Pemerintah juga tidak akan terburu-buru dalam mengambil utang melalui penerbitan SBN karena ada Bank Indonesia yang siap menjadi standby buyer. Pemerintah juga lebih nyaman tahun ini karena realisasi defisit kemungkinan lebih rendah dari yang ditetapkan seiring perbaikan penerimaan negara.
"Kalau market sedang bergejolak kita lihat, kas kita masih banyak dan kalau tools sekarang masih ada bantalan kas kita lihat berapa lama. Penerimaan pajak dan bea cukai dan PNBP tinggi, oh masih bisa. Jadi kita gak perlu tarik utang di luar negeri dulu," ungkap Sri Mulyani dalam acara CNBC Indonesia Economic Outlook 2022.
Kepala ekonom BCA David Sumual mengatakan pemerintah akan sangat diuntungkan dari lonjakan harga komoditas. Kenaikan harga crude palm oil (CPO), batu bara, minyak mentah, dan nikel bakal mendongkrak penerimaan negara. Dengan penerimaan negara yang lebih kuat, pemerintah bisa menekan defisit tahun ini.
"Ada windfall penerimaan dari komoditas. Kenaikan komoditas juga akan membantu net ekspor kita," tutur David, kepada CNBC Indonesia.
Dampak positif dari kenaikan harga komoditas pernah dirasakan pemerintah pada tahun 2011-2014 ketika terjadi booming commodity.
Pada tahun 2011, misalnya, Penerimaan Negara Bukan Pajak (PNBP) dari Sumber Daya Alam (SDA) mencapai Rp 213,8 triliun, melonjak dibandingkan tahun 2010 (Rp 168,8 triliun). Penerimaan tersebut di atas target APBN 2011 yang ditargetkan Rp 191,98 triliun.
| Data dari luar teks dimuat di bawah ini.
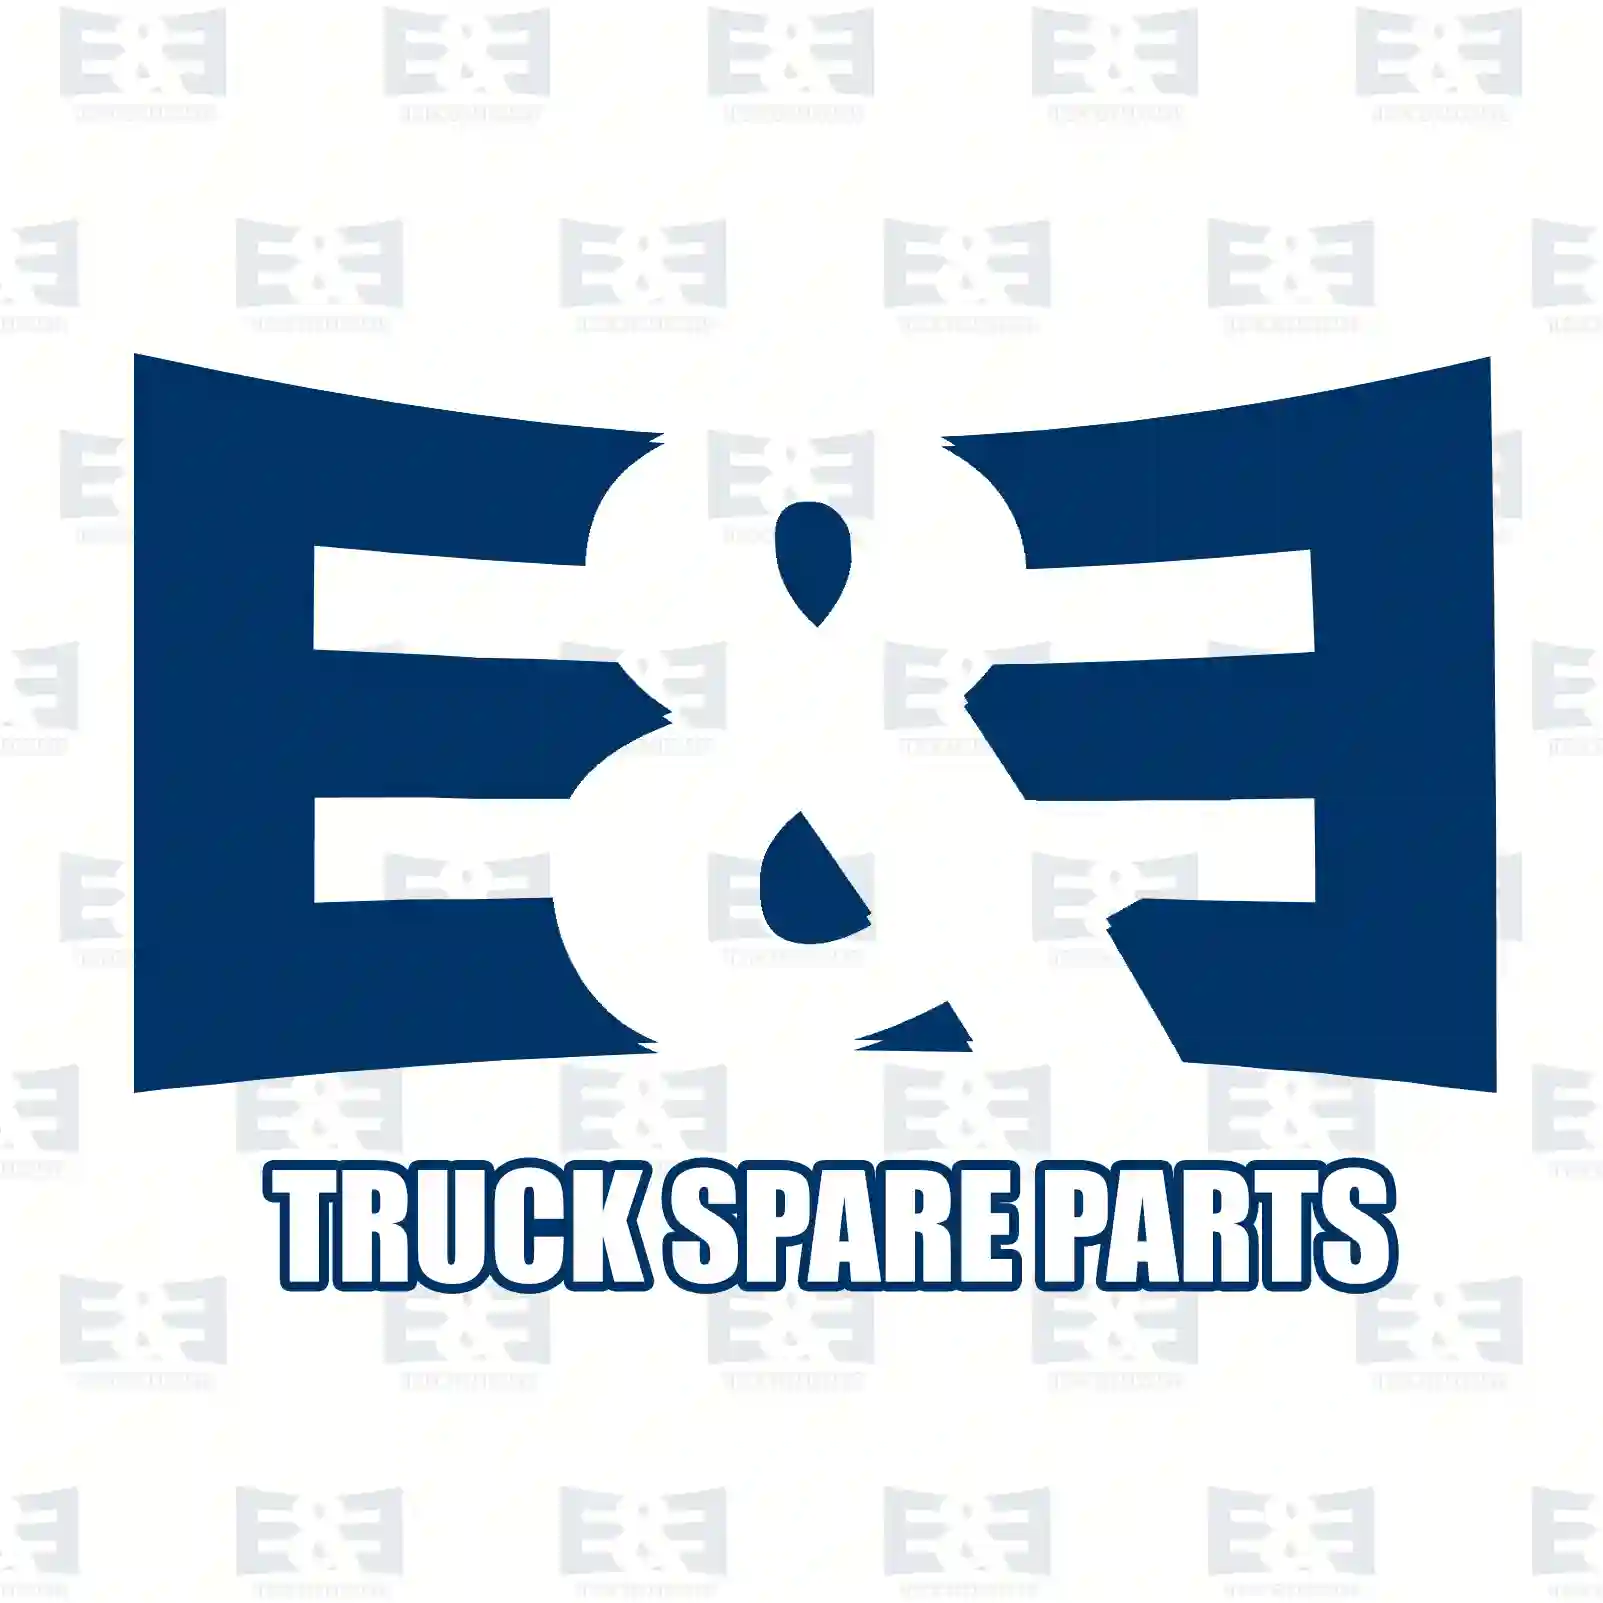 Cabin shock absorber, 2E2276462, 81417226068 ||  2E2276462 E&E Truck Spare Parts | Truck Spare Parts, Auotomotive Spare Parts Cabin shock absorber, 2E2276462, 81417226068 ||  2E2276462 E&E Truck Spare Parts | Truck Spare Parts, Auotomotive Spare Parts
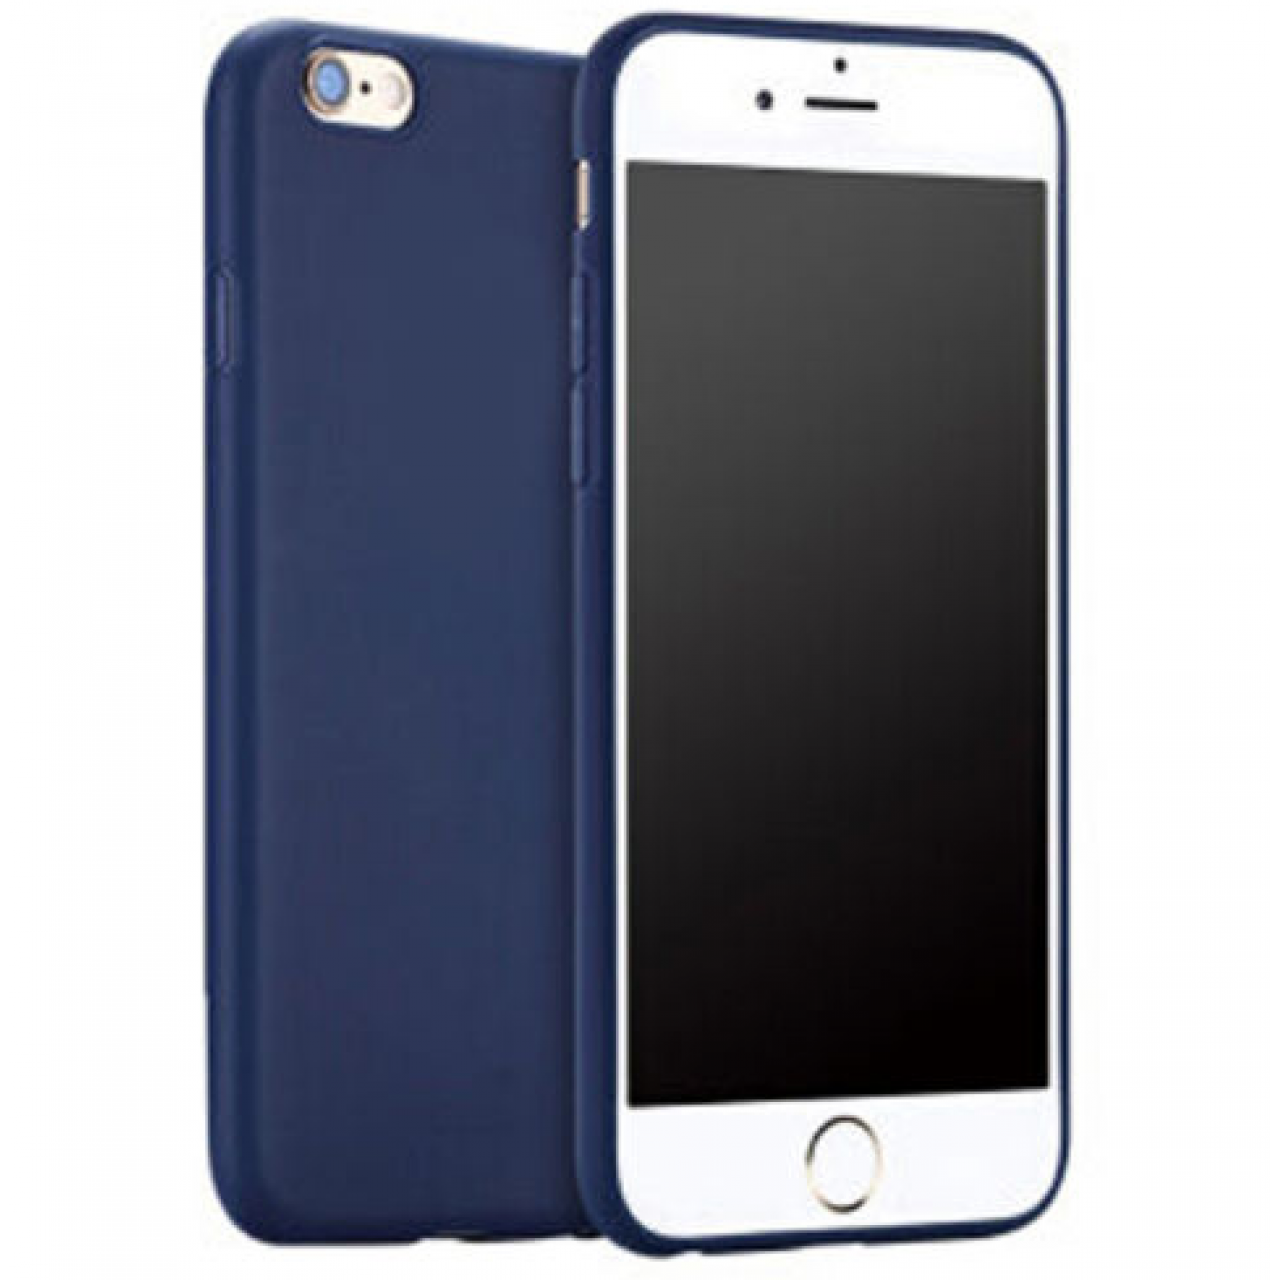 Θήκη iphone 6 plus Σιλικόνης Ματ TPU Candy Χωρίς τρύπα στο σήμα - 3754 - Σκούρο Μπλε - OEM

Pada tahun 2011, penerimaan SDA migas mencapai Rp 205,8 sementara dari SDA non migas mencapai Rp 20,3 triliun. Kenaikan penerimaan tersebut membantu menurunkan defisit pada tahun 2011. Realisasi defisit anggaran hanya menembus 1,14% dari PDB, jauh di bawah yang ditetapkan dalam APBN-P 2011 yakni 2,1% dari PDB. Padahal, subsidi energi pada tahun tersebut menembus Rp 255,6 triliun.
Kenaikan harga komoditas juga mendongkrak penerimaan negara dari Rp 168,8 triliun pada 2010 menjadi Rp 240,8 triliun pada 2011. PNBP Sumber Daya Alam melorot menjadi Rp 101 triliun pada 2015 seiring berakhirnya booming komoditas.
Tanda-tanda melonjaknya penerimaan sudah terlihat pada Februari. Penerimaan bea keluar pada Januari-Februari 2022, menembus Rp 6,57 triliun atau melompat 177,3% dibandingkan periode yang sama pada tahun lalu. Lonjakan didorong kenaikan harga CPO di pasar internasional.